→ TASK TO COMPLETE:
Exactly as written, set down each line of the data below except its pictures.

→ MATERIAL PROVIDED:
##########

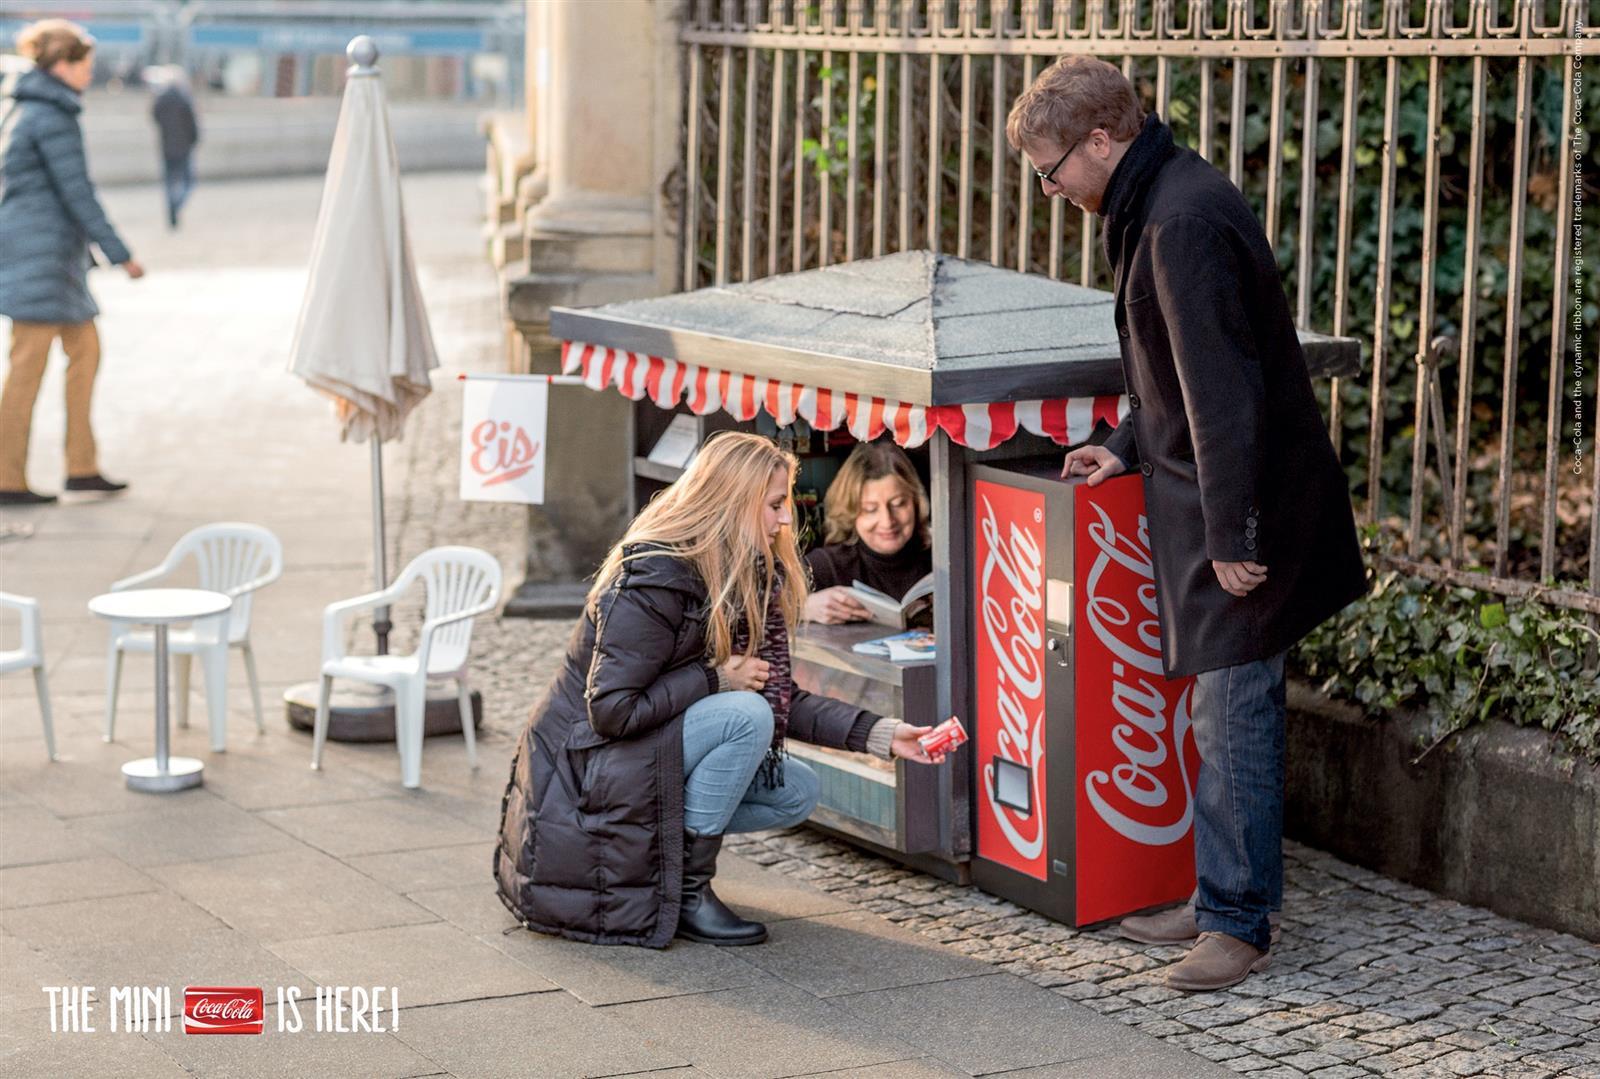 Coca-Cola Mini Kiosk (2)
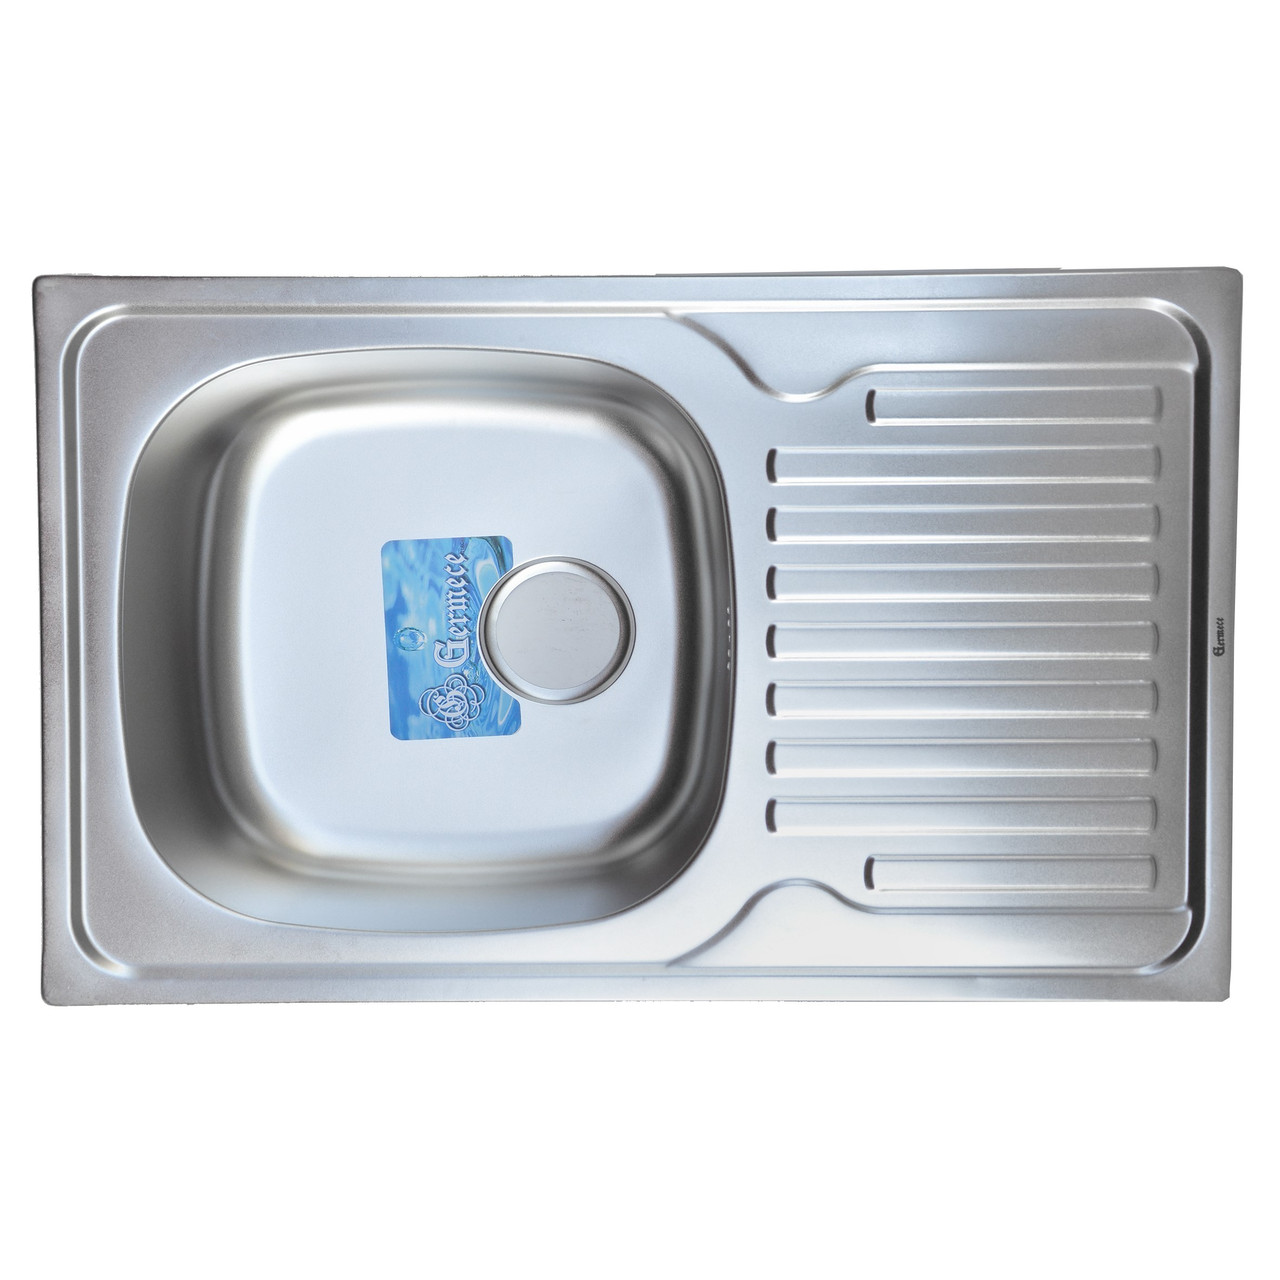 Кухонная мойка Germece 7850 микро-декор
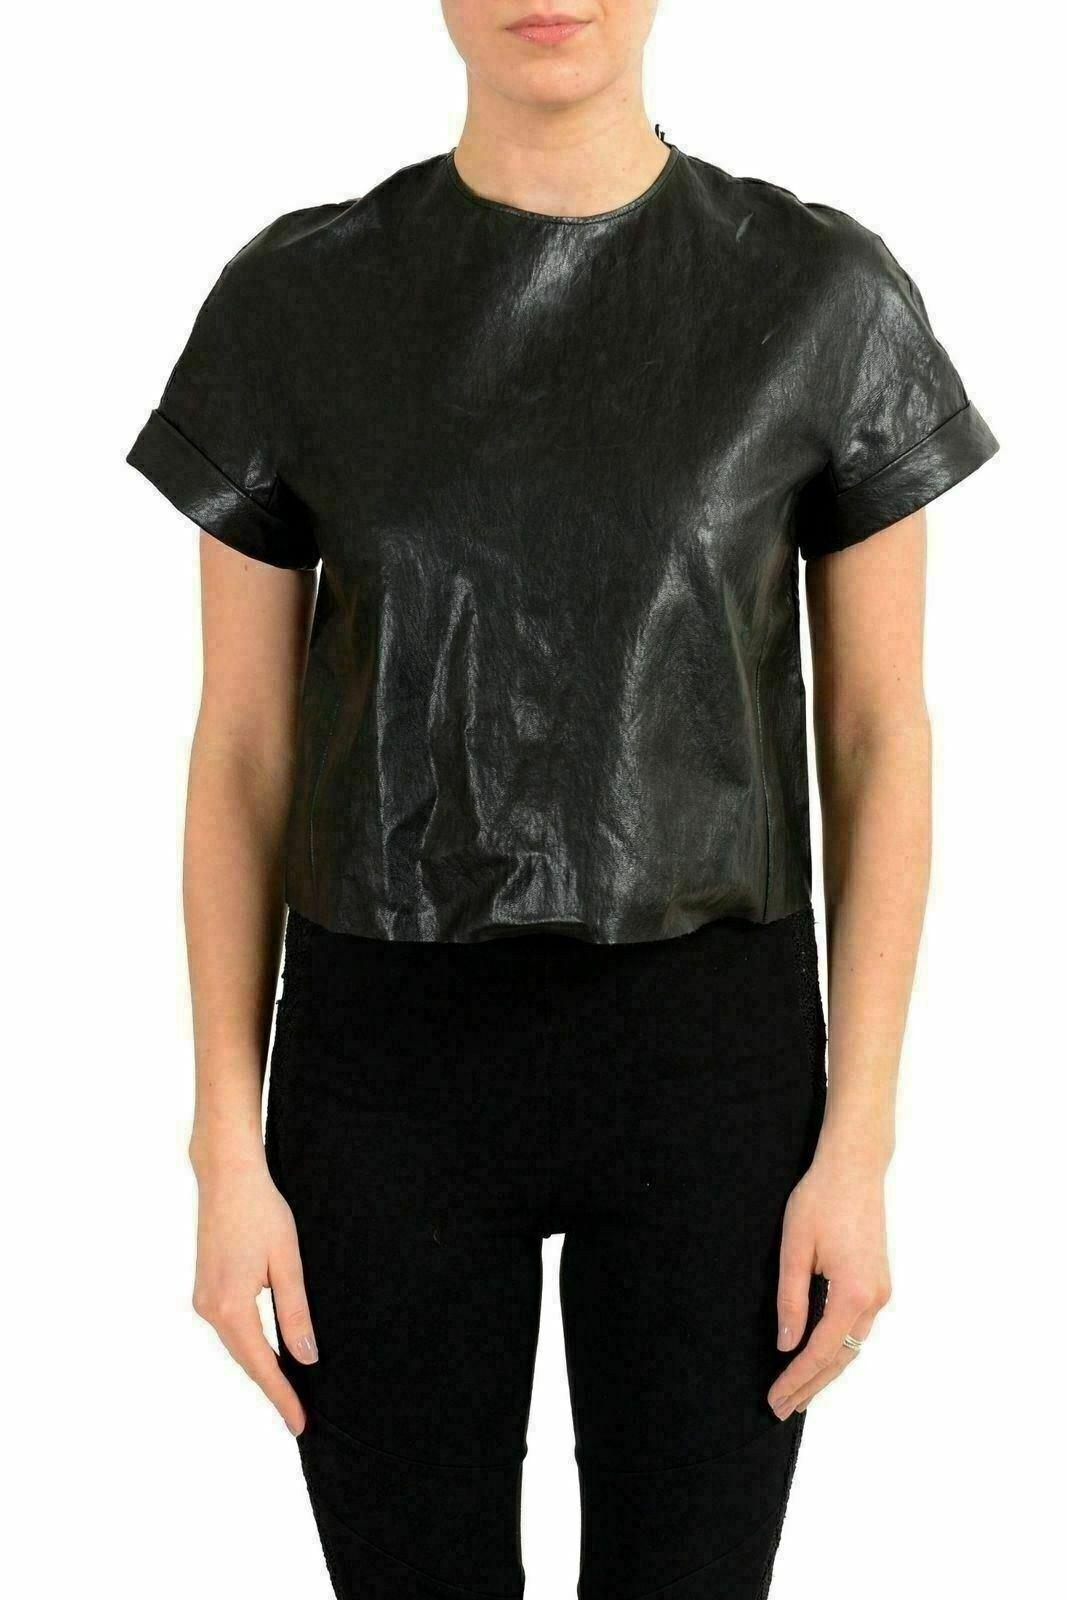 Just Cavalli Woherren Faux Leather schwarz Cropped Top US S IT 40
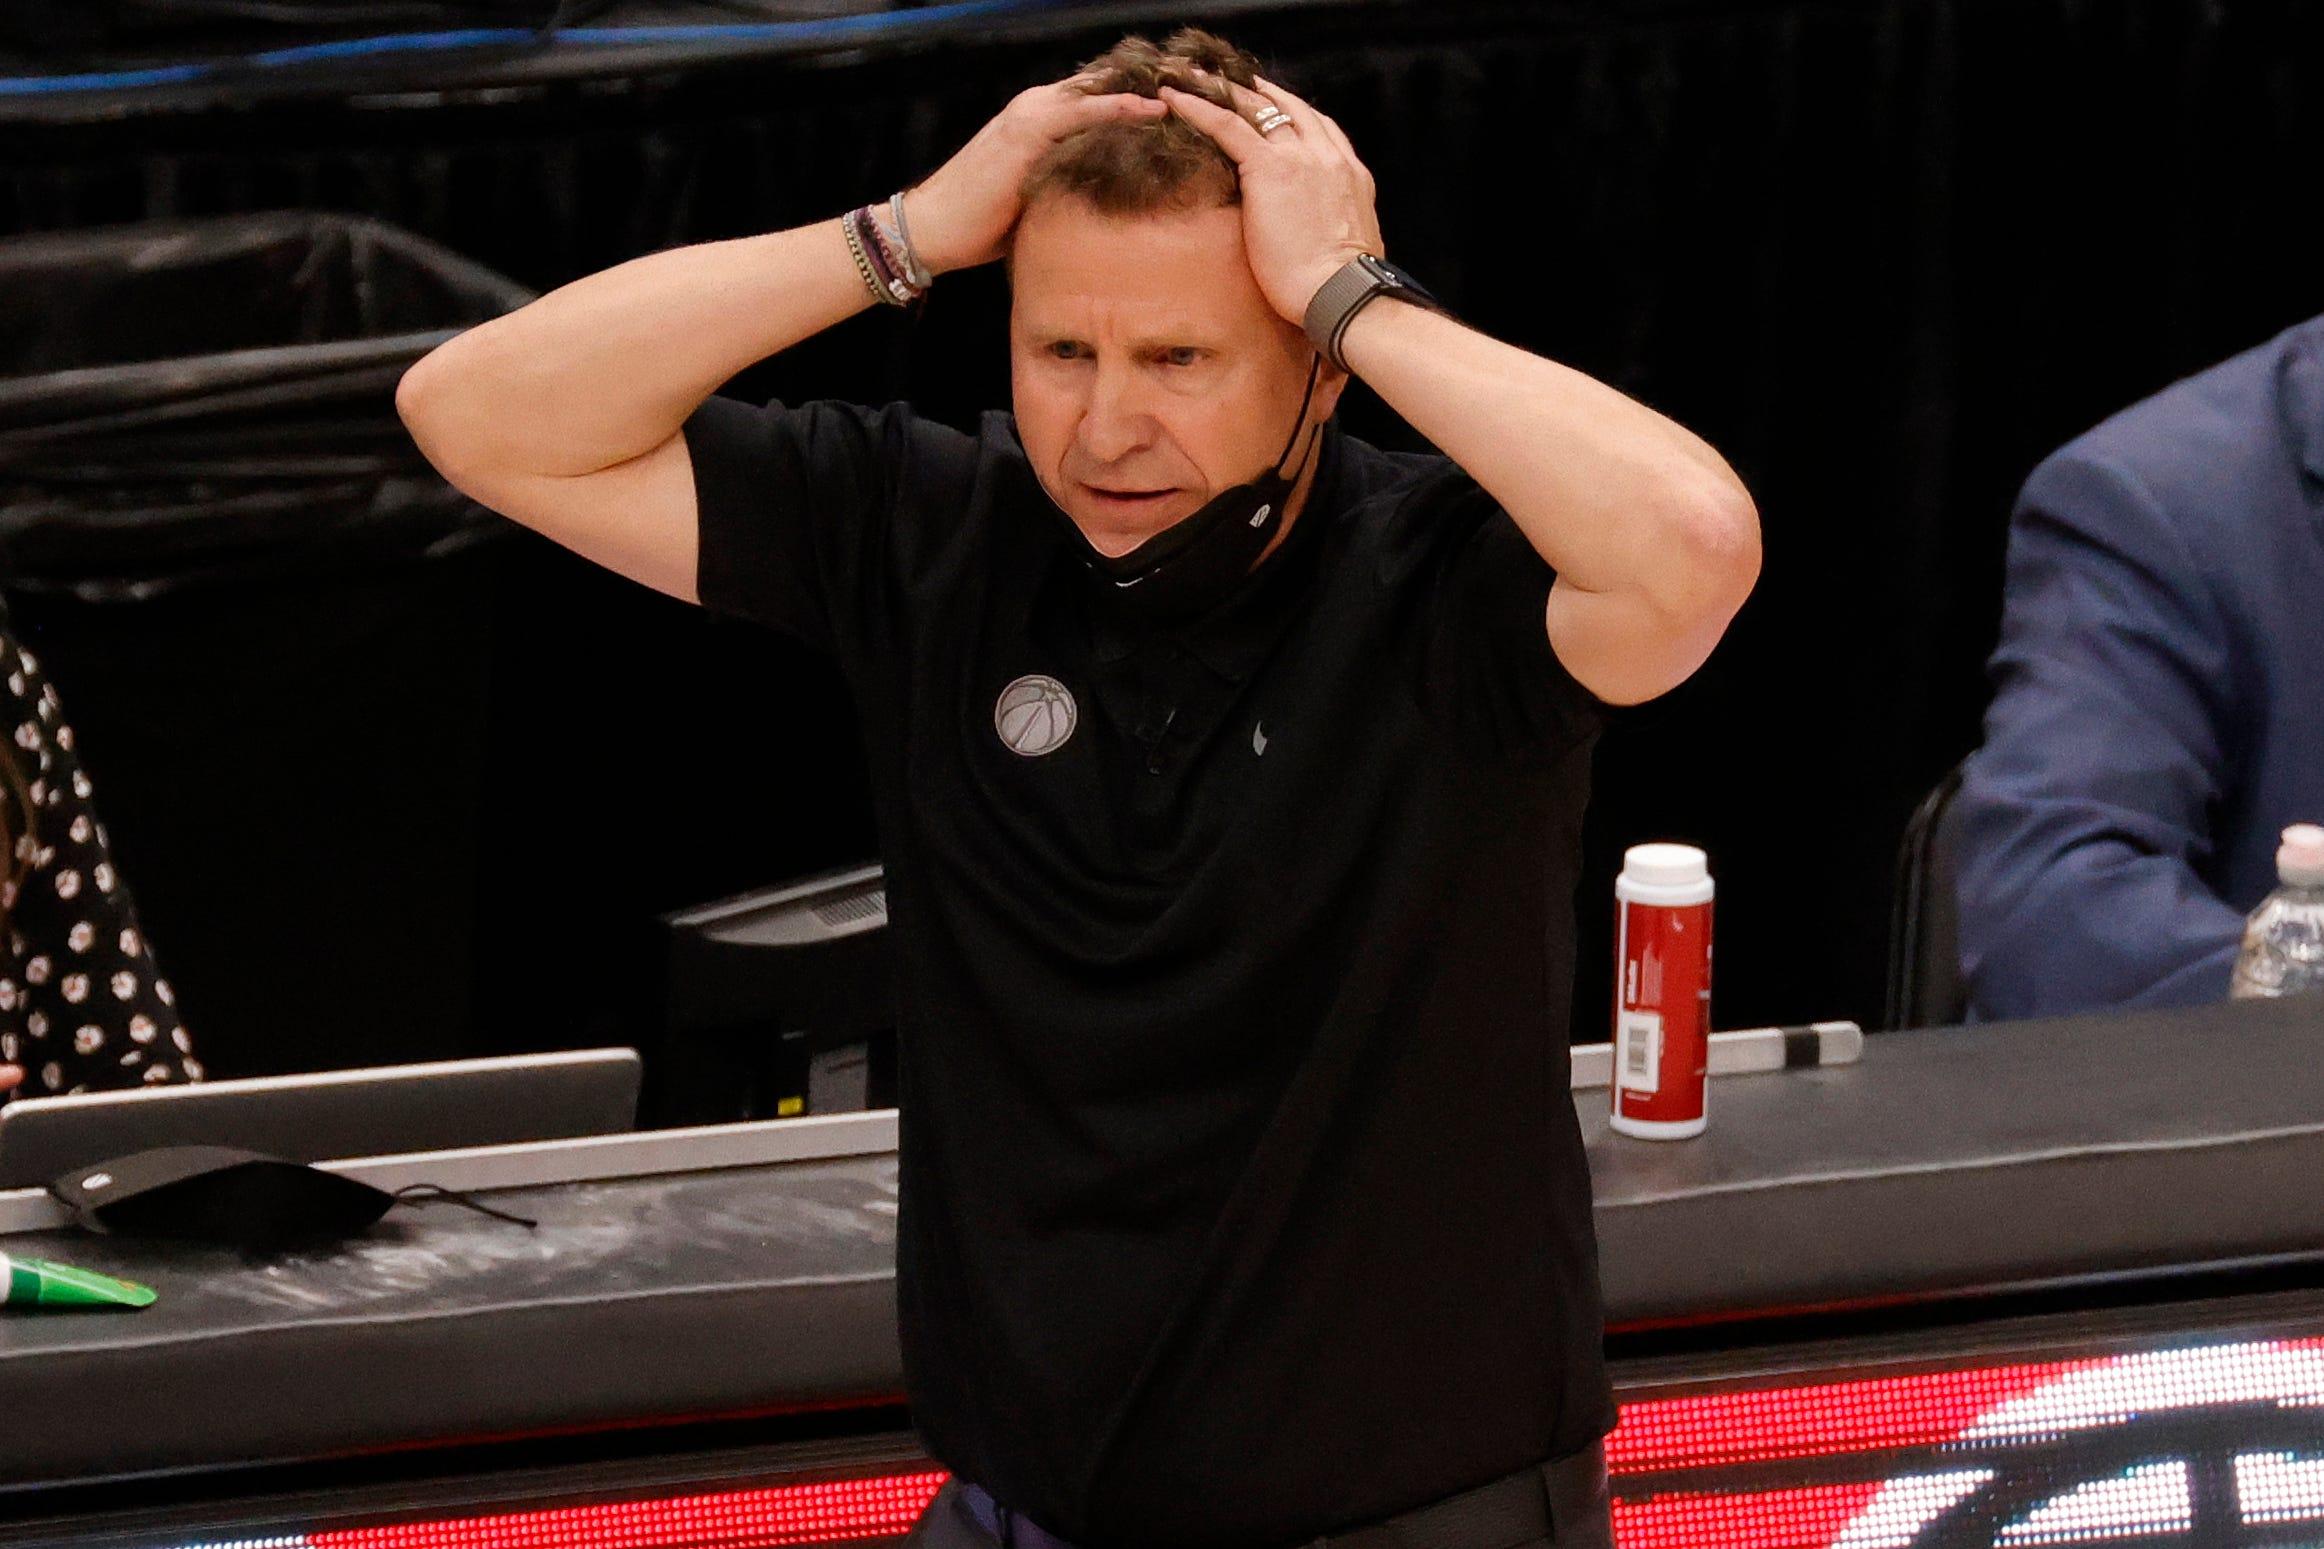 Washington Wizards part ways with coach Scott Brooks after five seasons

##########

→ ANSWER BELOW:
 Coca-Cola Mini Kiosk (2)
 Кухонная мойка Germece 7850 микро-декор
 Just Cavalli Woherren Faux Leather schwarz Cropped Top US S IT 40
 Washington Wizards part ways with coach Scott Brooks after five seasons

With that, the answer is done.